Is it any wonder that they prefer playing overseas, in places without plane journeys?

More of the same

The comments are heartening though. Thankfully most people seem to find these videos offensive.

From "Hang them!" to "Hang on to them!"

April 3, 2007

India lost the Sri Lanka on March 23rd. If you read the newspapers on 24, 25, 26, and haven’t read anything since, you might have been forgiven for believing that India’s squad of 15 players to the 2007 World Cup in the West Indies were history. Everybody from the President of the Board to former cricketers, to the shrill television networks to the general public seemed to have decided that Rahul Dravid and Greg Chappell would have to go. Dravid was unable to inspire, unimaginative and incapable of tactical leaps of faith – in comparison, stated, implied or unstated, to Sourav Ganguly. Greg Chappell was a “poor man manager”, who’s sole contribution in this 18 months as the India coach, in return for the princely sum of 175,000 dollars a year, had been to sow the seeds of dissent and get rid of Ganguly. Dilip Vengsarkar and Greg Chappell disagreed about the selection of the squad to the World Cup it now appears. Something one would expect at the best of times – but not in those mad days. Every statement, every report was strained. Every reporter, and every news presenter personalized the defeat – Indias loss was his loss – a matter of dishonor and shame. Even my blog, with its modest readership recieved a response making some bizarre references to the British Empire, bangles and dishonor and docility.

Another weekend has passed and like the Woolmer murder fading into the obscure small print of the inner pages of the newspaper, the outrage seems to have subsided. Some of the India players are preparing for the first ever 20-20 tournament to be held in post-Dalmiya Eden Gardens. Ajit Wadekar, Sharad Pawar and Niranjan Shah have all made conciliatory noises – Shah went so far as to call Dravid “one of the most astute captains!”
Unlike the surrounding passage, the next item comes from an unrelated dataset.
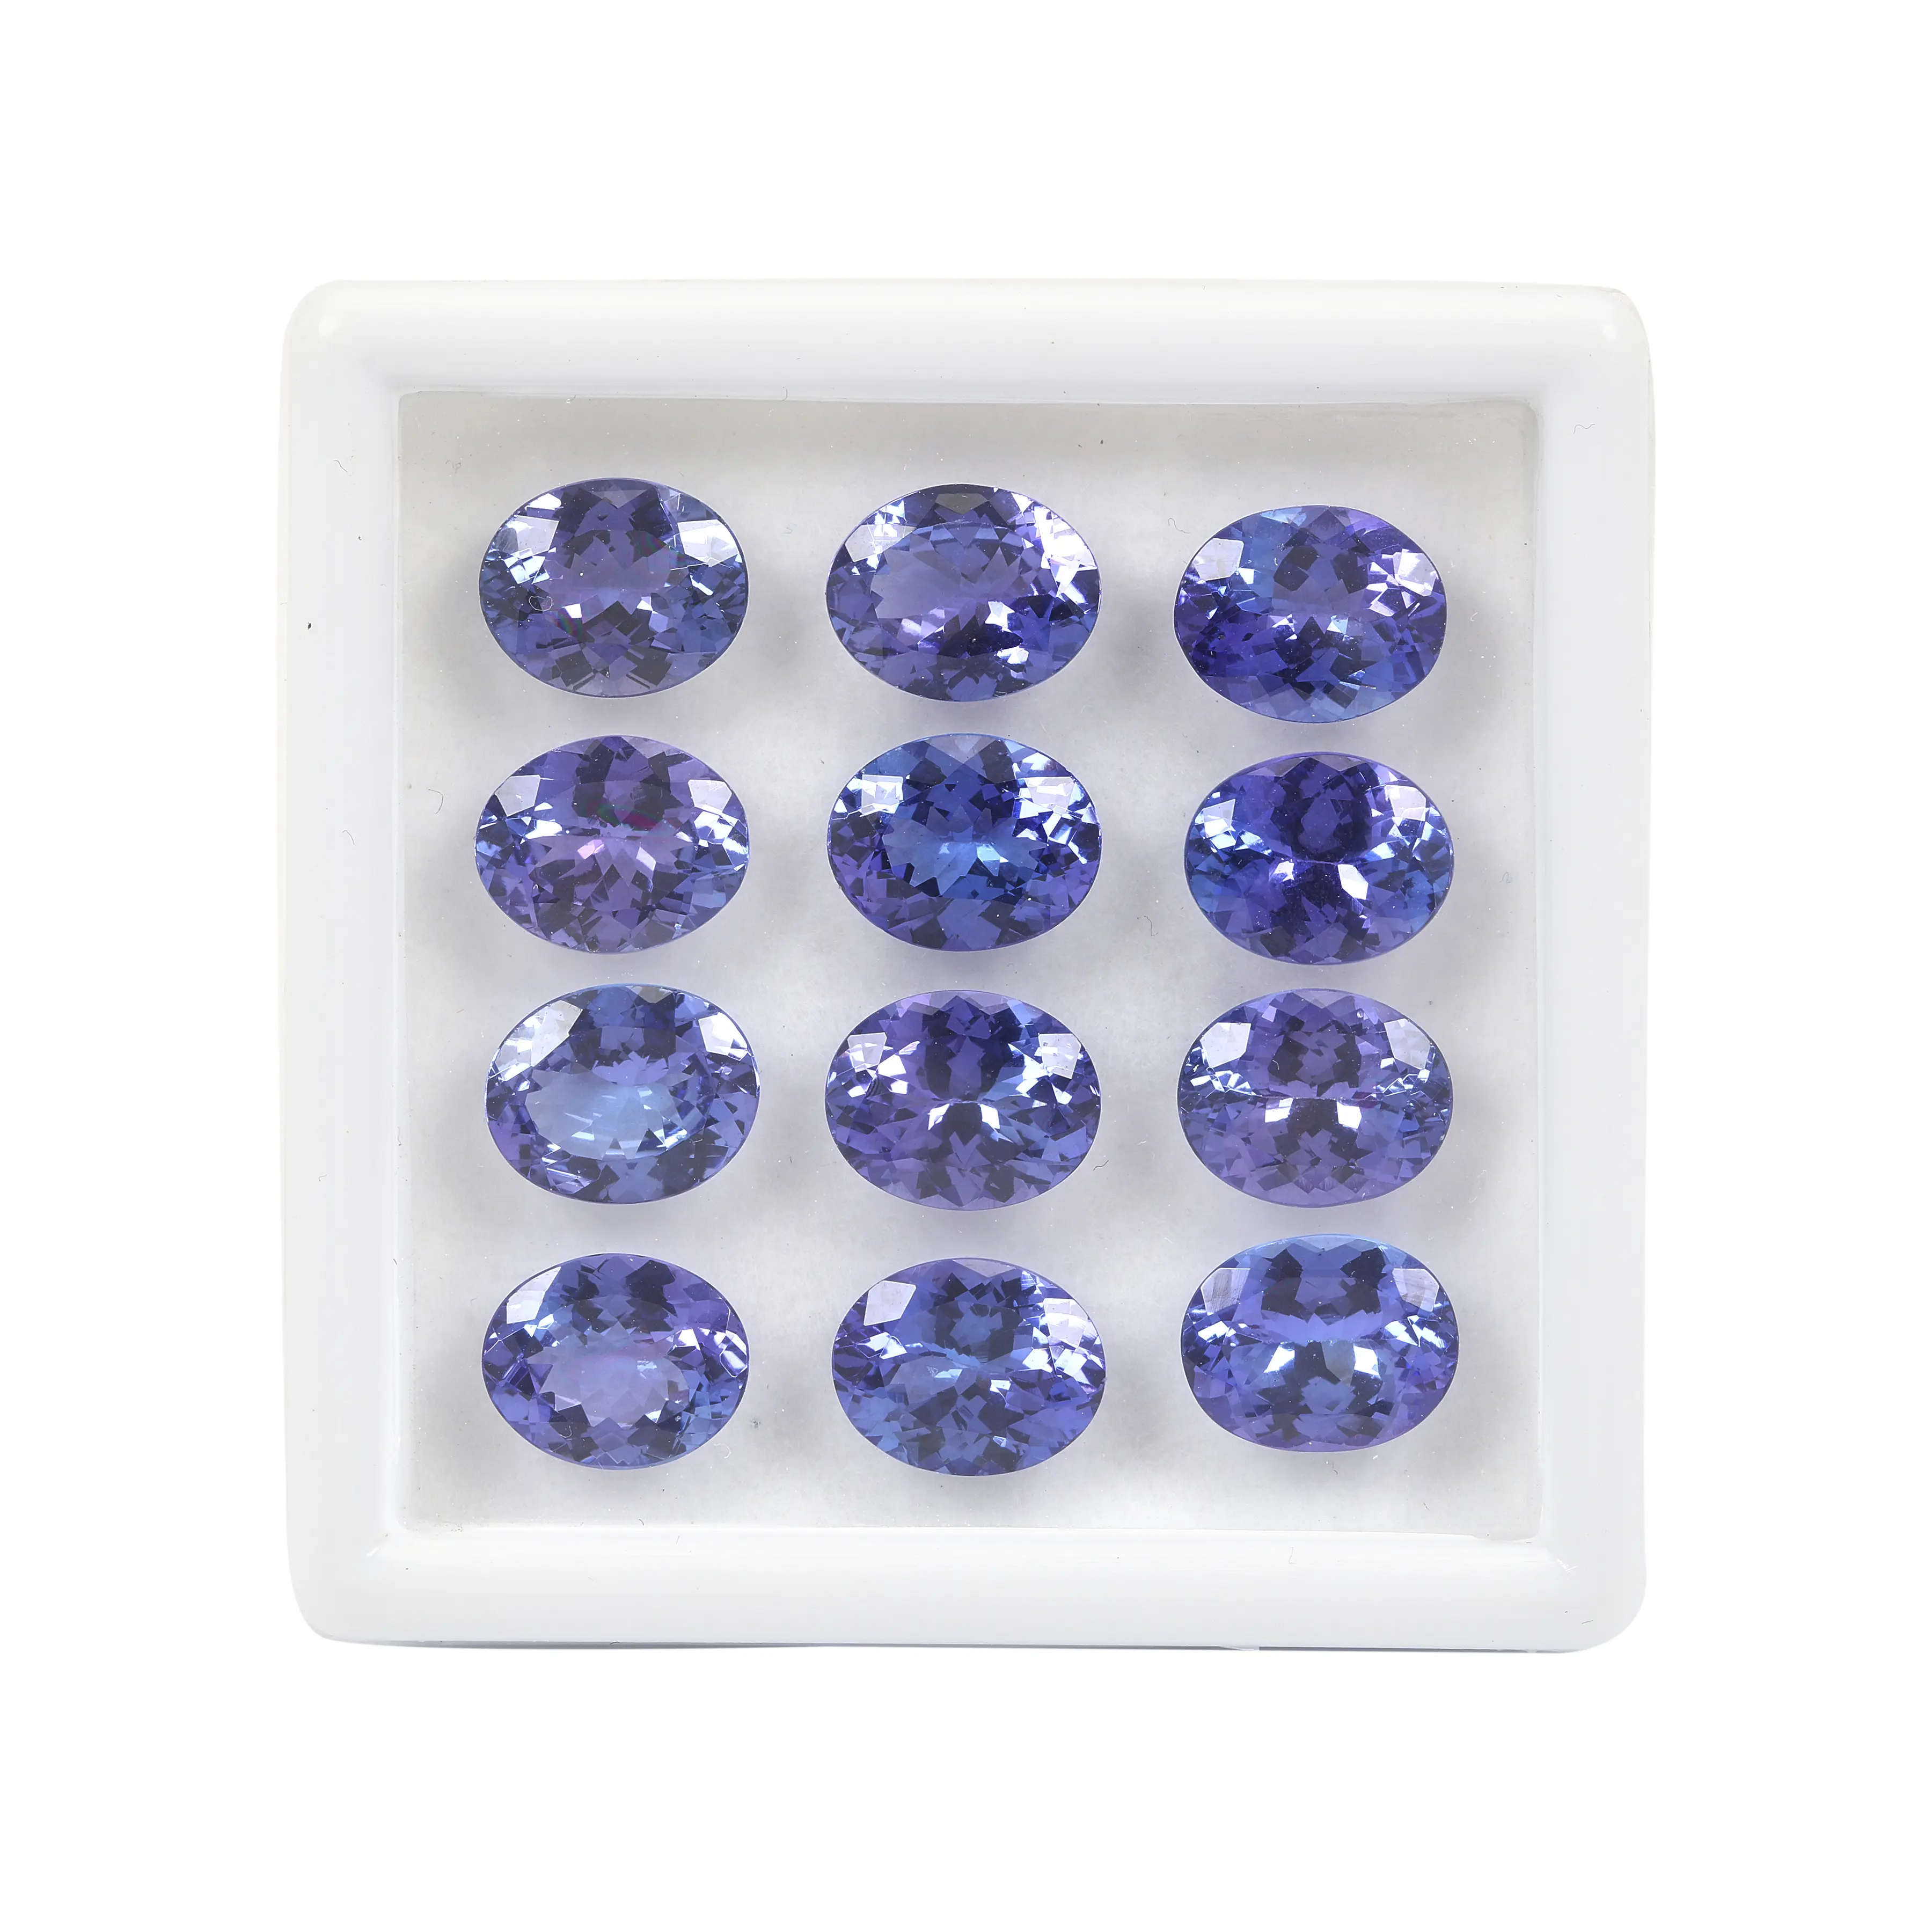 Certificato AAA + Tanzanite ovale 10x8mm taglio brillante pietra sciolta pietra preziosa blu naturale di qualità genuina per fare gioielli

The point here is to gauge the reaction to the performance and not the performance. What Niranjan Shah or Ajit Wadekar or Sharad Pawar say about the Indian side does not in any ways influence or reflect the reality of the Indian team. These players are still as good as they were just before they went to the West Indies. What of the “fans” though? The hollowness of the interest in the sport has been exposed. Nobody in India seems to care about the World Cup – Mandira Bedi has been reduced to being just one of the many faces of TV from being the noodle-strapped diva in India. Indian Express has reduced the number of pages dedicated to the World Cup, and even those pages carry stories about events in Pakistan and India rather than on events in the West Indies. The actual interest in Cricket is minimal. Sponsors have withdrawn from deals with India players. Like sea water receding at low tide, exposing to the world the rejects of the sea at Juhu beach, India has receded from the World Cup, with Cricketers and Cricket lying abused and battered – rejected. Like the tide though, it is only a question of waiting for the next high tide for India’s cricketers. Already though, the madness has given way to a realization that solution to the problems lie in Cricket.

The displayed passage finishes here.